Generative AI (Gen AI) in healthcare holds significant potential in analyzing data, enhancing medical imaging, simulating medical scenarios, and predicting outcomes, which will contribute to personalized patient care and overall healthcare improvement. For example, the Mayo Clinic in Minnesota is testing a Google chatbot named Med-PaLM 2 trained on medical licensing exam questions. The chatbot generates responses to healthcare queries, summarizes clinical documents, and organizes data, as reported by the Wall Street Journal. According to McKinsey, as Gen AI matures, it could converge with technologies like virtual and augmented reality, transforming healthcare delivery. For instance, healthcare providers could create visual avatars for patient interactions, or physicians could assess and improve how they approach new patients based on their experience of working with similar patients who have had positive health outcomes.
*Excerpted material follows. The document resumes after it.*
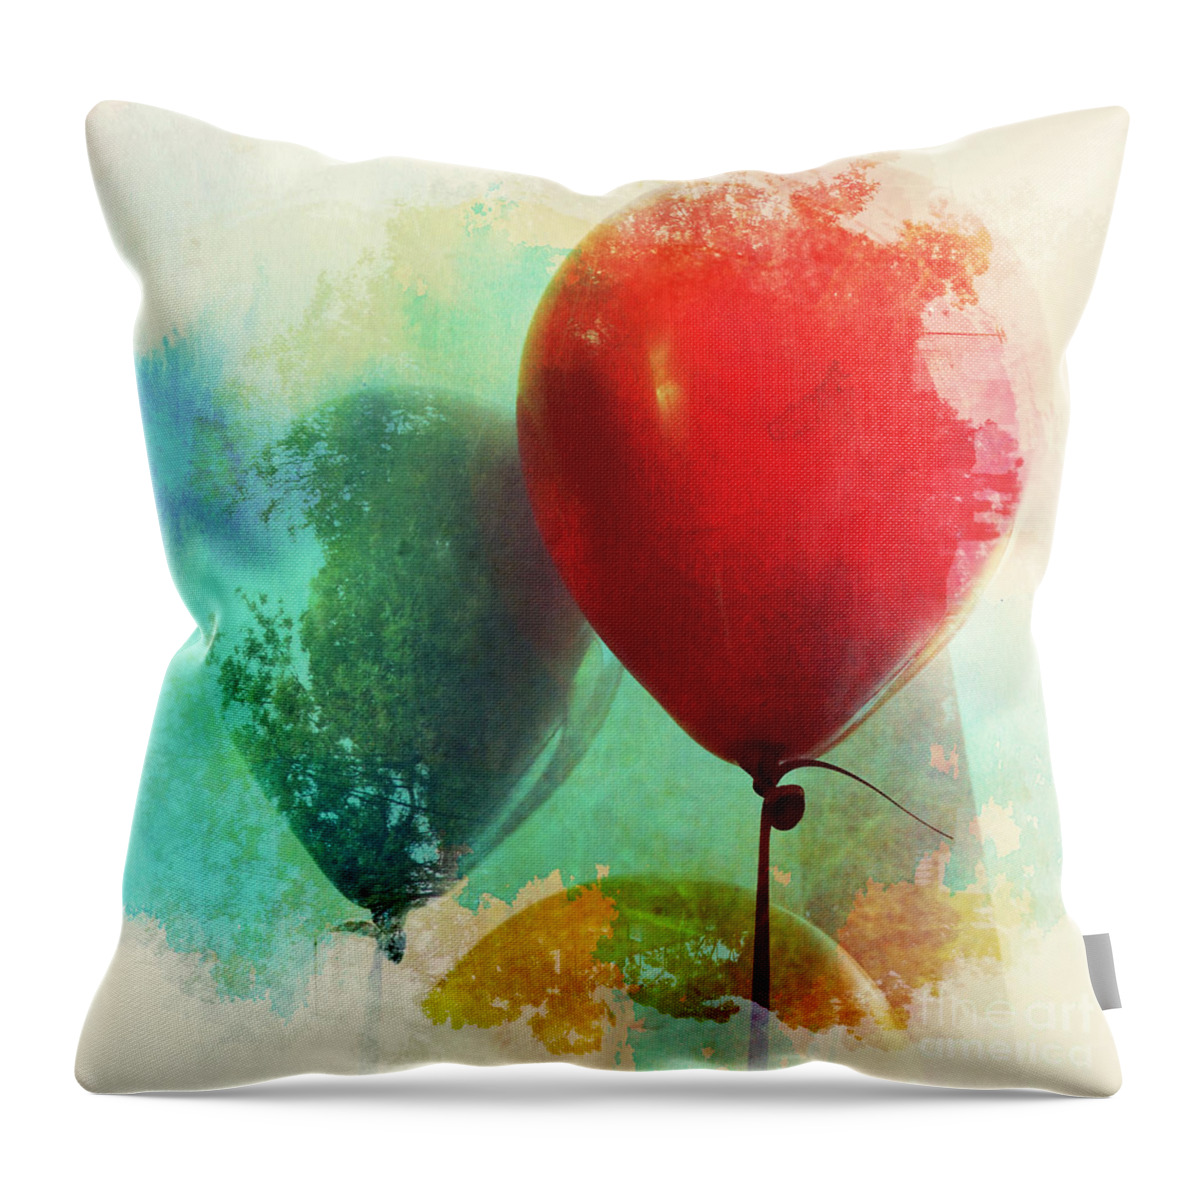 Balloons Throw Pillow featuring the photograph Ballooneria by Onedayoneimage Photography

Overcoming challenges: AI implementation in small and medium healthcare practices

According to a recent Health IT Analytics report, large HCOs are more likely to embrace numerous AI solutions. However, the cost of implementing AI in healthcare can be a hindrance for small and medium practices, potentially limiting its adoption. Additionally, research indicates that healthcare startups venturing into AI often undergo greater scrutiny from clinical stakeholders who question the credibility of these startups and their solutions.

Small and medium players can overcome challenges in AI implementation by collaborating with partners that focus on developing cost-effective, scalable solutions that ensure regulatory compliance, adopt a user-centered design, and prioritize data security and privacy.

The expanding role of AI in healthcare holds promise for purpose-driven solutions to meet various business needs, including tailored systems that ensure patient safety, accelerate, and personalize treatment and adherence to medical protocols.

However, as AI technology grows, HCOs are expected to face increased regulatory scrutiny. Balancing innovation and regulation with the right vendor and tools will be crucial for maximizing the potential of AI in healthcare.